Rest Stop by 79ers
Stop by for a Rest at 79ers, pet the resident doggie & have some coffee or Limoncello, listen to stories and tell yours too.
Sketches from Siem Reap

Buddha meditating with Naga as the protector - If only I could spend the whole day in the Angkor National Museum, more sketches would have been added to the notebook for reference.
It’s close to midnight and so many things are running through my head. Work starts tomorrow night and then there’s that meeting for another trip to Chiang Mai for work, classes and those darn Spanish conjugations…
What is really bothering me is how much I miss the atmosphere in Siem Reap. TheĀ sights, food and drinks, the air (though dusty but not hazy), the crispy edible insects… but oddest of all, I miss the people the most. Although I was cheated by swindlers in temple sites, harassed by desperate child peddlers, constantly followed around by other tuk-tuk drivers offering me rides, mistaken time and again for being a Cambodian even though I took pains to look like a foreigner… all these and yet I miss it.
It’s been a while since the trip but there are nights when I stay awake wondering why. I suppose that knowing their violent and sad history has something to do with it.
By morning, when I wake to go for breakfast, I am cordially greeted by the Front Desk staffs as I walk pass them to get to the cafe.
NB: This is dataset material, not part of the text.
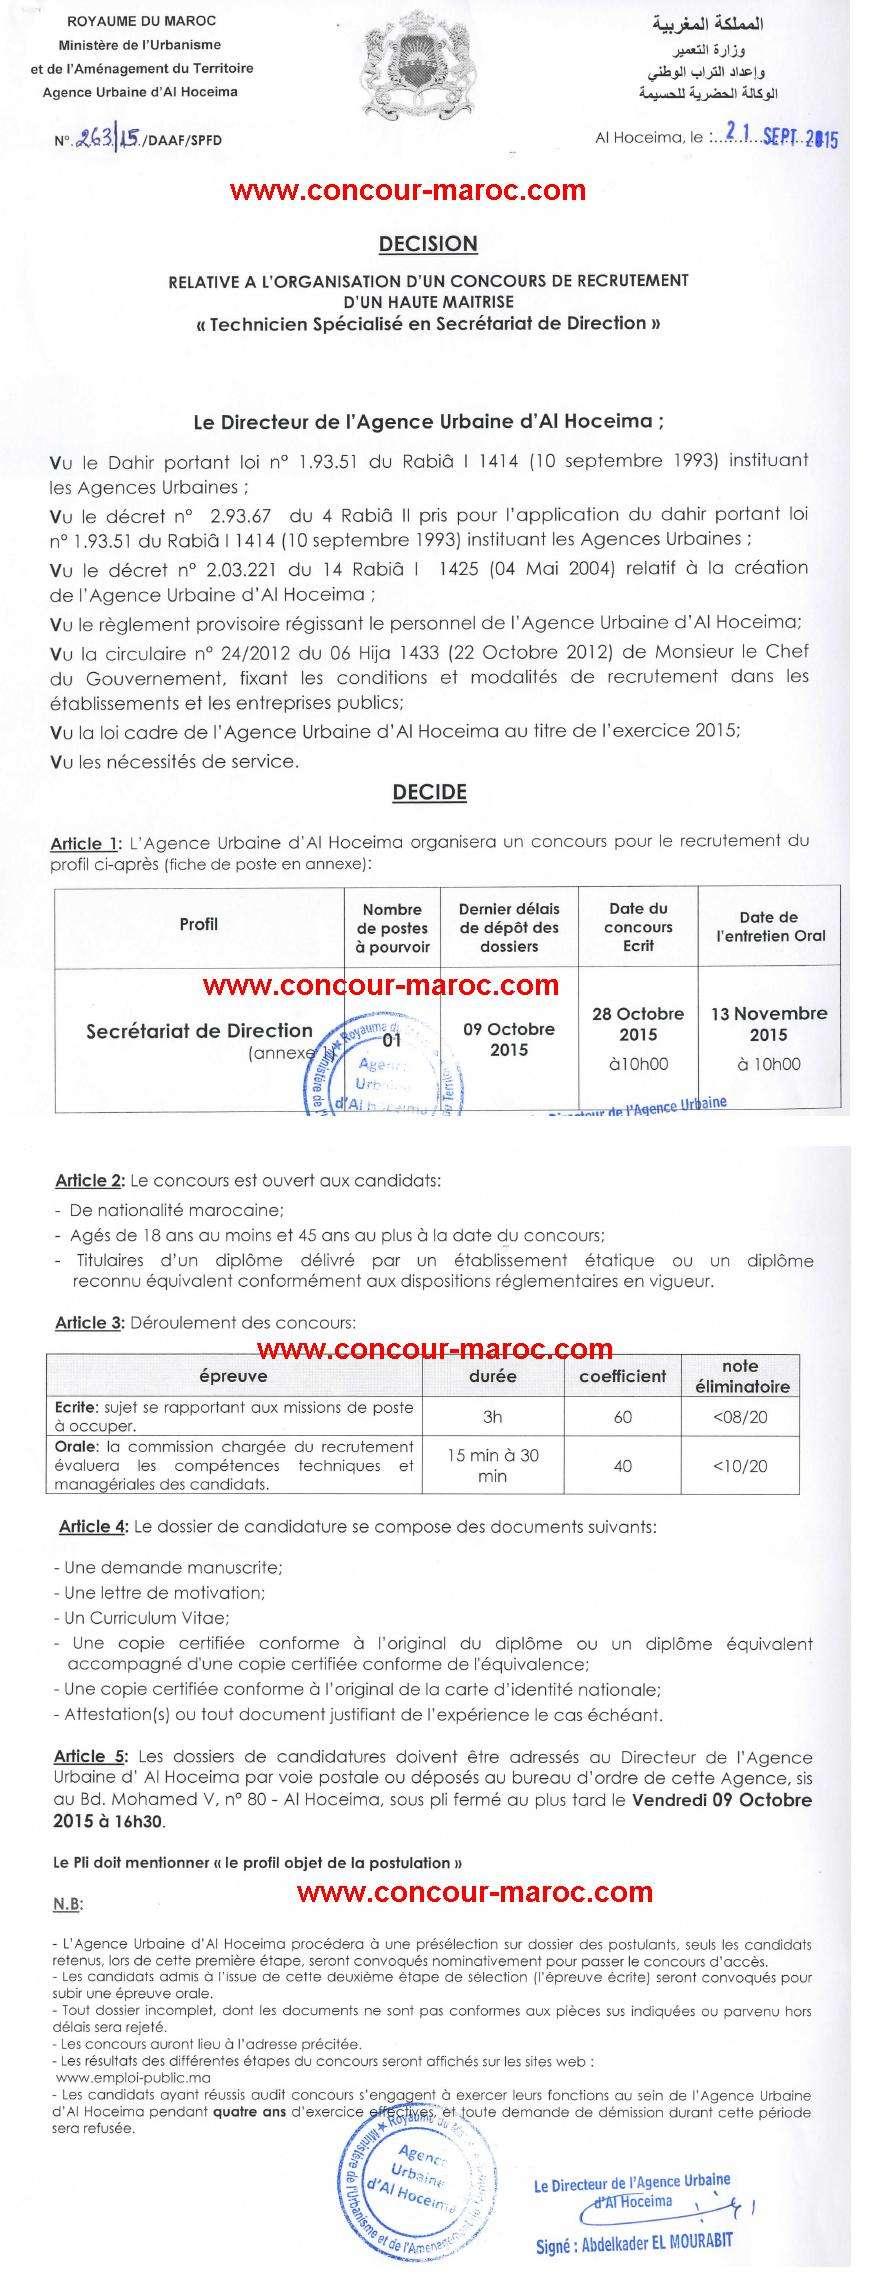 الوكالة الحضرية للحسيمة : مباراة لتوظيف تقني متخصص في كتابة الإدارة (1 منصب) آخر أجل لإيداع الترشيحات9 اكتوبر 2015 Concou43

While quietly having my meals, they would quietly approach me, shyly asking for my opinion if the meal is agreeable. The never failing and always punctual Mr. Kea, our tuk-tuk driver for the duration of our journey – who, despite all those long hours and biting hot sun, never lost his smile even once (except when he thought hard about something I would ask him). The children who followed me around, cajoling to begging me to buy whatever they are selling – anything at all starting from one dollar. The many landmine victims I would encounter as I walk around the ancient sites, playing musical instruments, making beautiful & haunting music with whatever limbs they have left just to earn a few dollars to survive. My heart still goes out to them.

Ta Keo, the mountain temple : One of the top most challenging ancient sites to climb up to! Later saw a shirt in the night market stating - "I survived Cambodia" and out of some 4 sites printed on it, Ta Keo was mentioned~! Coincidence? I think not!
Their faces are etched with the many memories of how their earlier generations were taken from them without warning and without mercy. The nation which crumbled in the hands of one man because of an ideal gone wrong and the 2 million who died over of it, leaving behind survivors who are physically and/or emotionally crippled, scarred, helpless, desperate… Children who are growing up not knowing their grandparents and are struggling to survive by selling on the streets, bootleg copies of books, postcards and all sorts of other curios.
I am glad that they have all those marvelous ancient sites left for them to look forward to. How magnificent their past must have been, judging from the many intricate and sometimes impossible stone masonry. Just reading back into the notebook I kept of that trip makes me feel like a part of me is still back there.
This is going to take me some time to figure out on how I want to write it. They should be remembered well because they need it. Their desperation is just something else. I just hope that with whatever meager vocabulary I have, I won’t make their existence seem like a passing remark.